• ACTION ITEM: Below are the records; give again exactly the line with "Mens Hard Yakka", the line with "Download 1080x1920 Jaguar", and each line that lies between them, and nothing besides.

• MATERIAL FOR THE TASK:
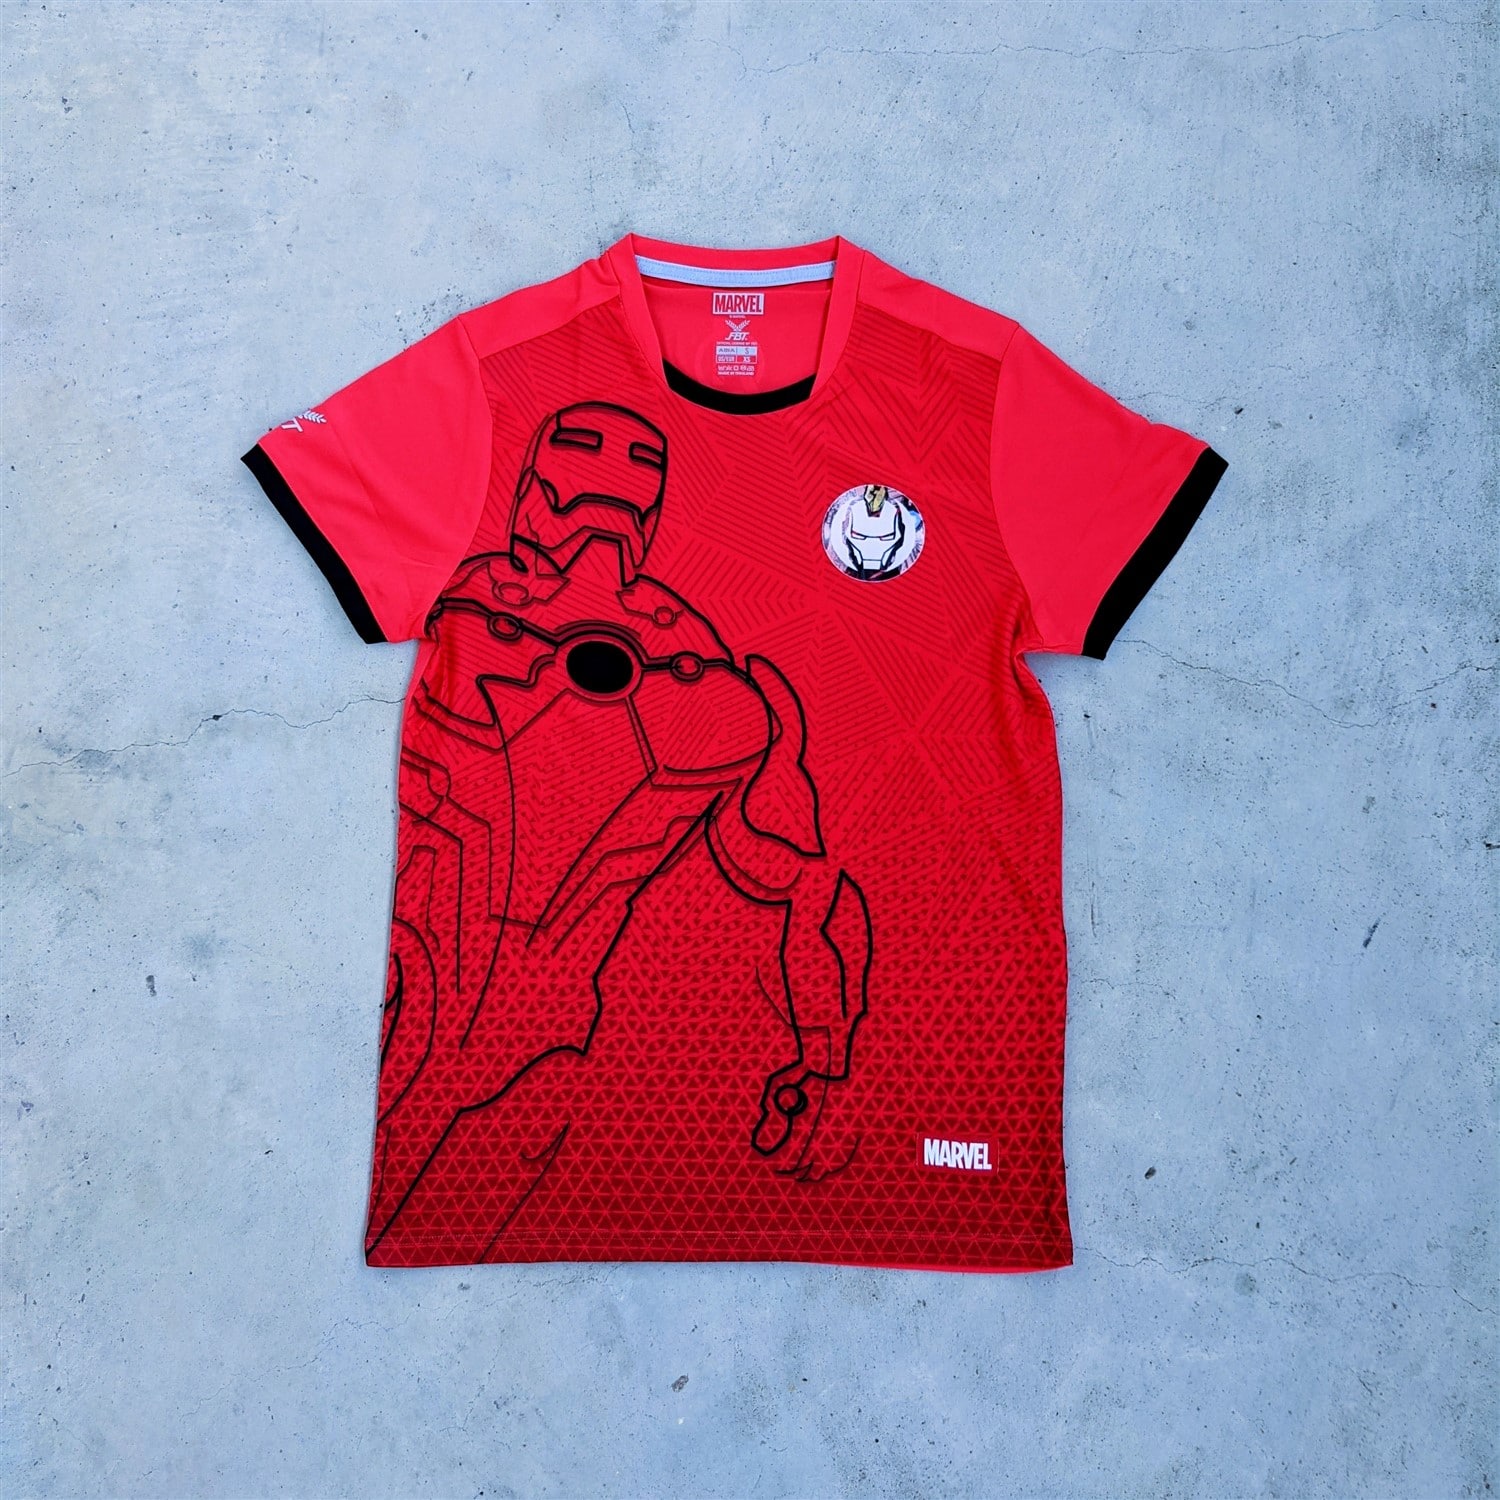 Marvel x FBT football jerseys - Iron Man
...
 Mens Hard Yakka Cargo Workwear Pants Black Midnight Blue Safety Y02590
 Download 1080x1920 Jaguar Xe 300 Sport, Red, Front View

• ANSWER SPACE:
 Mens Hard Yakka Cargo Workwear Pants Black Midnight Blue Safety Y02590
 Download 1080x1920 Jaguar Xe 300 Sport, Red, Front View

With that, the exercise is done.